Massengrab aus der NS-Zeit entdeckt

Bauarbeiter finden am Stuttgarter Flughafen Knochen, die von jüdischen Zwangsarbeitern stammen könnten

STUTTGART taz ■ Das Stuttgarter Landeskriminalamt bestätigte gestern den Fund eines 60 Jahre alten Massengrabes auf dem Gelände des Stuttgarter Flughafens Leinfelden-Echterdingen. Arbeiter einer Baufirma stießen bei Kanalarbeiten für einen neuen Kontrollpunkt des US-amerikanischen Airfields mit ihren Baggern auf menschliche Knochenteile und alarmierten die Polizei.

Erste gerichtsmedizinische Untersuchungen der mehr als 30 Skelette ergab, dass es sich um die Leichen von jüdischen Zwangsarbeitern handeln könnte. Die Bauarbeiten wurden eingestellt. Die Stuttgarter Staatsanwaltschaft leitete sofort ein Ermittlungsverfahren wegen des Verdachts der Tötung von Insassen des Arbeitslagers Echterdingen gegen unbekannt ein. Sie beauftragte inzwischen die Sondergruppe Nationalsozialistische Gewaltverbrechen des baden-württembergischen Landeskriminalamtes (LKA) mit den Untersuchungen.
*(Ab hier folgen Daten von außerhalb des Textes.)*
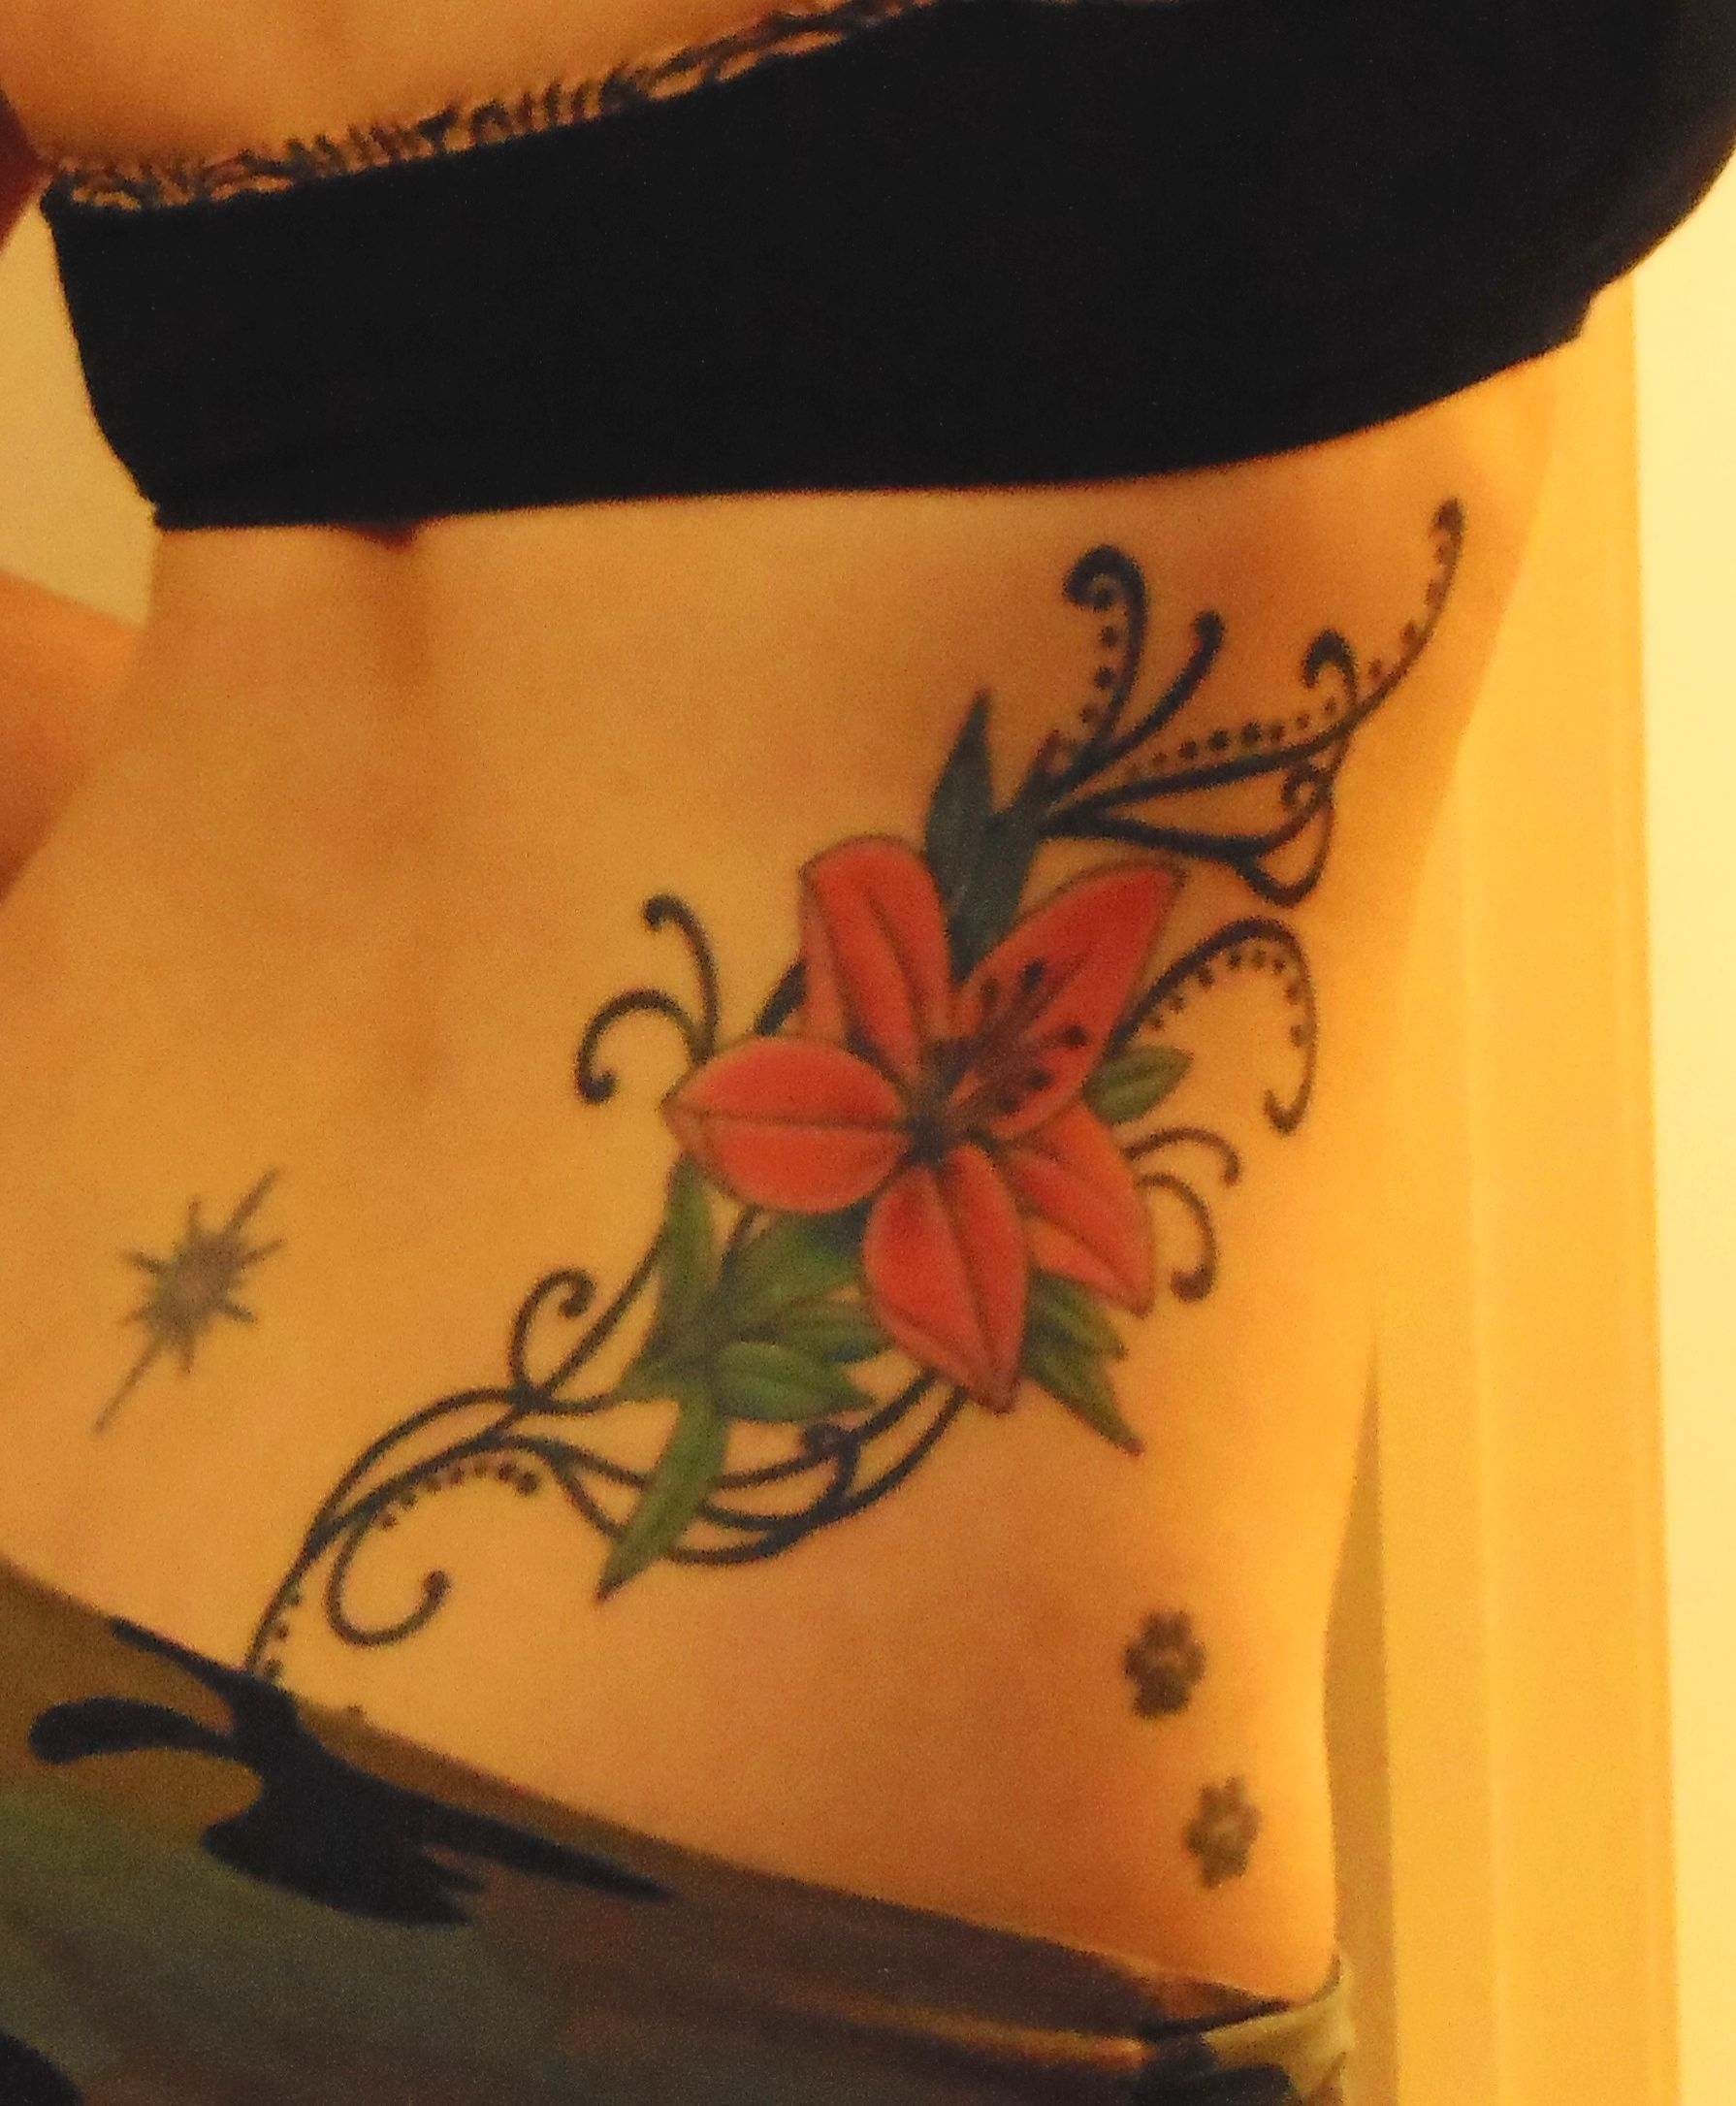 Paw Print Tattoos With Flowers: Lily Tattoo, Paw Print Tattoo, Starburst Tattoo, Hip

Die Skelettteile, so LKA-Pressesprecher Ulrich Heffner gestern, müssen erst einmal geborgen werden. Das werde bis zum Wochenende dauern. Die Feststellung der Todesursachen und, wenn möglich, die Identifizierung der Opfer würden aber vermutlich „noch Wochen in Anspruch nehmen“.

Außerdem soll festgestellt werden, welche NS-Einheiten in der fraglichen Zeit zur Bewachung von Zwangsarbeitern in Leinfelden-Echterdingen stationiert waren. Die Ermittlungen, sagte Heffner, „erstrecken sich auch auf Zeitzeugen, die zur Aufklärung der Gesamtumstände beitragen können“.

Erste Recherchen ergaben, dass die Nationalsozialisten gegen Ende des Zweiten Weltkrieges, zwischen November 1944 und Februar 1945, in einem Hangar am damaligen Fliegerhorst eine Außenstelle des elsässischen Konzentrationslagers Natzweiler-Struthof eingerichtet hatten. Dort mussten die Zwangsarbeiter in eisiger Kälte arbeiten. Überlebende Häftlinge berichteten, dass dort damals in nur drei Monaten 110 Menschen an Hunger und an einer Fleckfieberepidemie gestorben seien. Einige seien im Esslinger Krematorium verbrannt worden. In den acht Lagern in der Region Stuttgart kamen über 3.000 ums Leben. Nach Kriegsende hatte die US-Armee in einem Wald ein jüdisches Massengrab entdeckt und die dort verscharrten 66 Toten exhumieren lassen. Sie wurden auf dem Esslinger Friedhof bestattet. Das Grab auf den Airfields blieb unentdeckt. Die Fundstelle ist seit Montagvormittag weiträumig abgesperrt.